- _What you need to do_
Return all the lines below exactly as written. Drop every picture.

- _Source data_
━━━━━━━━━━━━━━━━
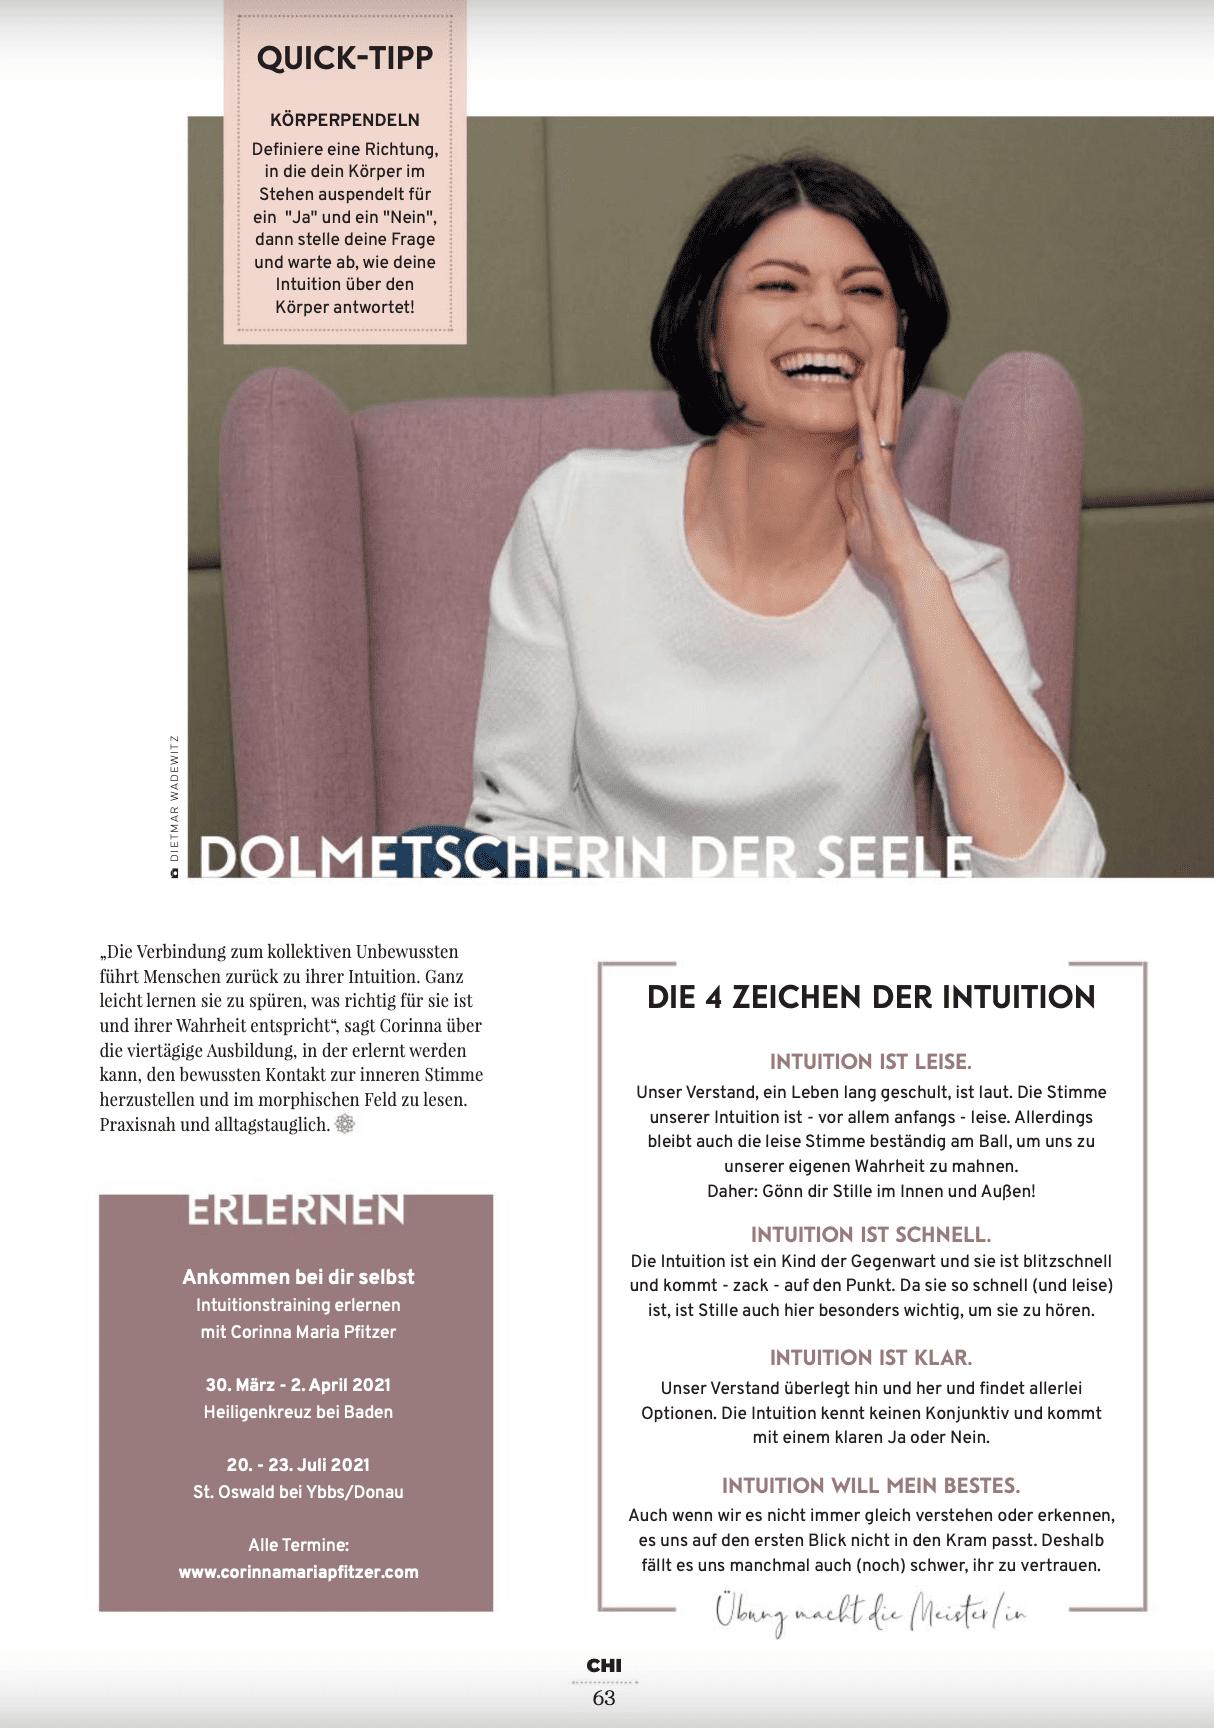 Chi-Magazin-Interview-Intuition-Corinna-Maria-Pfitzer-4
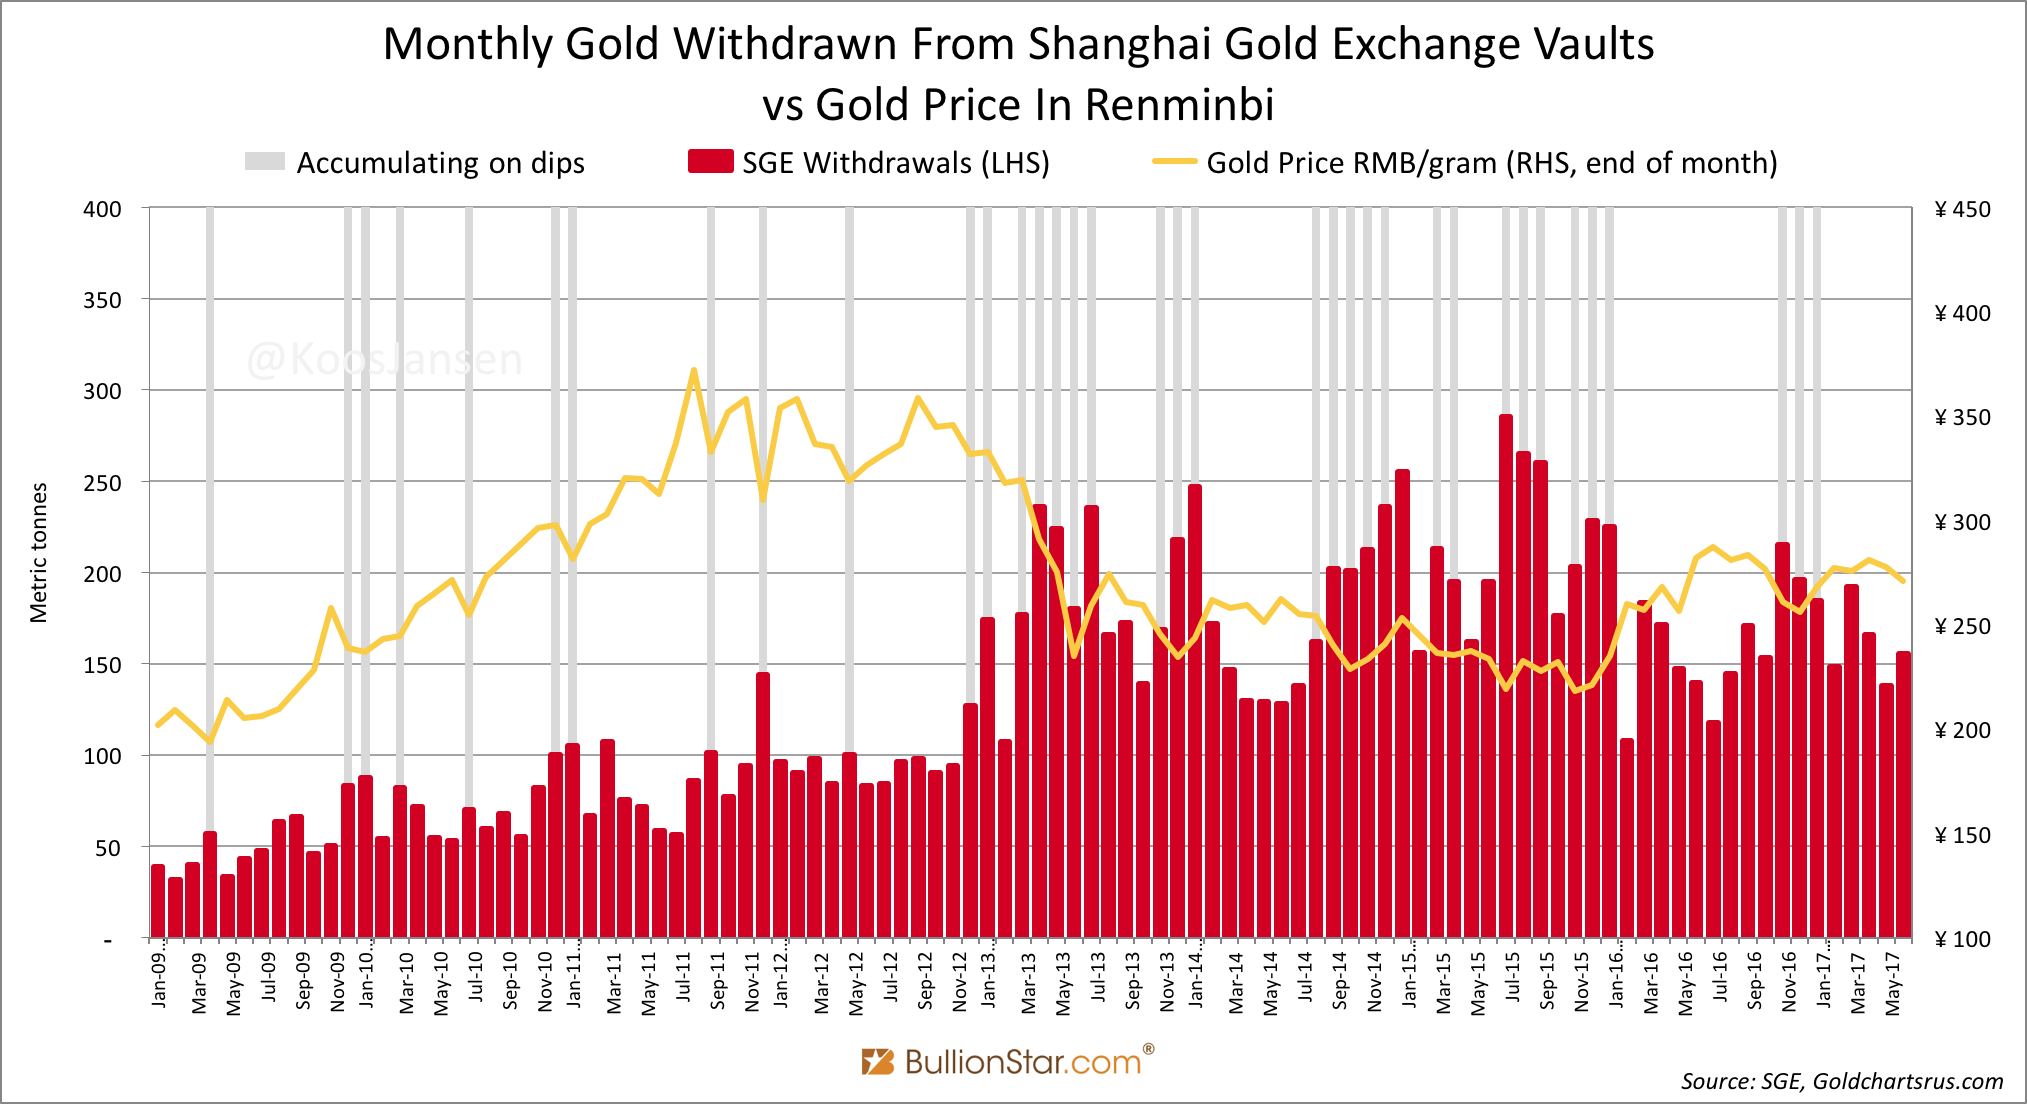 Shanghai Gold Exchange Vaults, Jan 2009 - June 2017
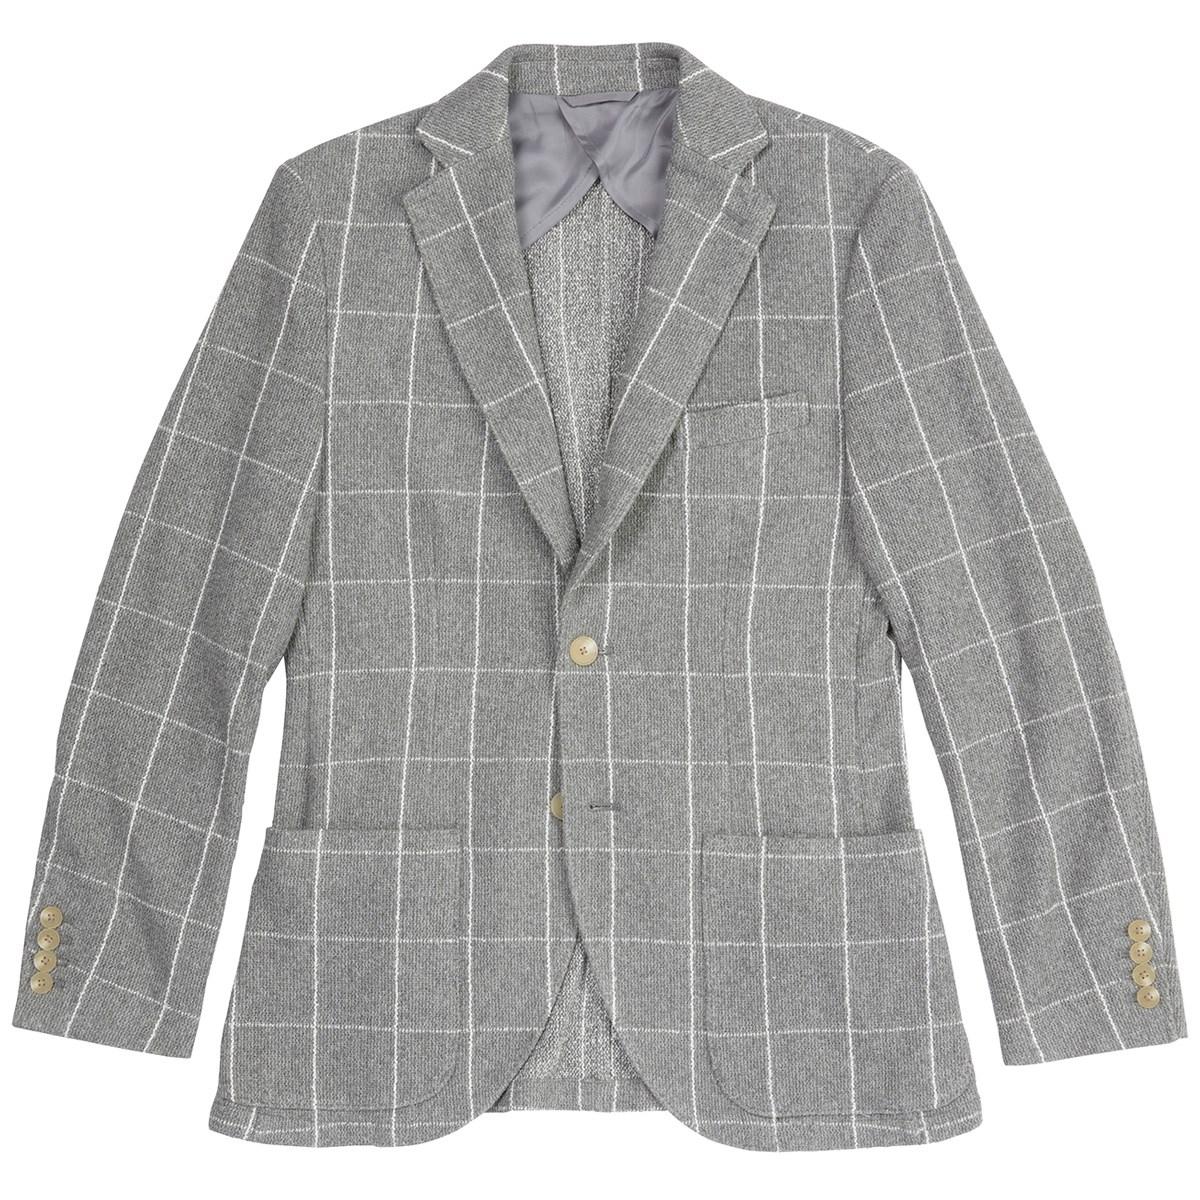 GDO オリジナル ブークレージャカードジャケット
━━━━━━━━━━━━━━━━
- _Written solution_
 Chi-Magazin-Interview-Intuition-Corinna-Maria-Pfitzer-4
 Shanghai Gold Exchange Vaults, Jan 2009 - June 2017
 GDO オリジナル ブークレージャカードジャケット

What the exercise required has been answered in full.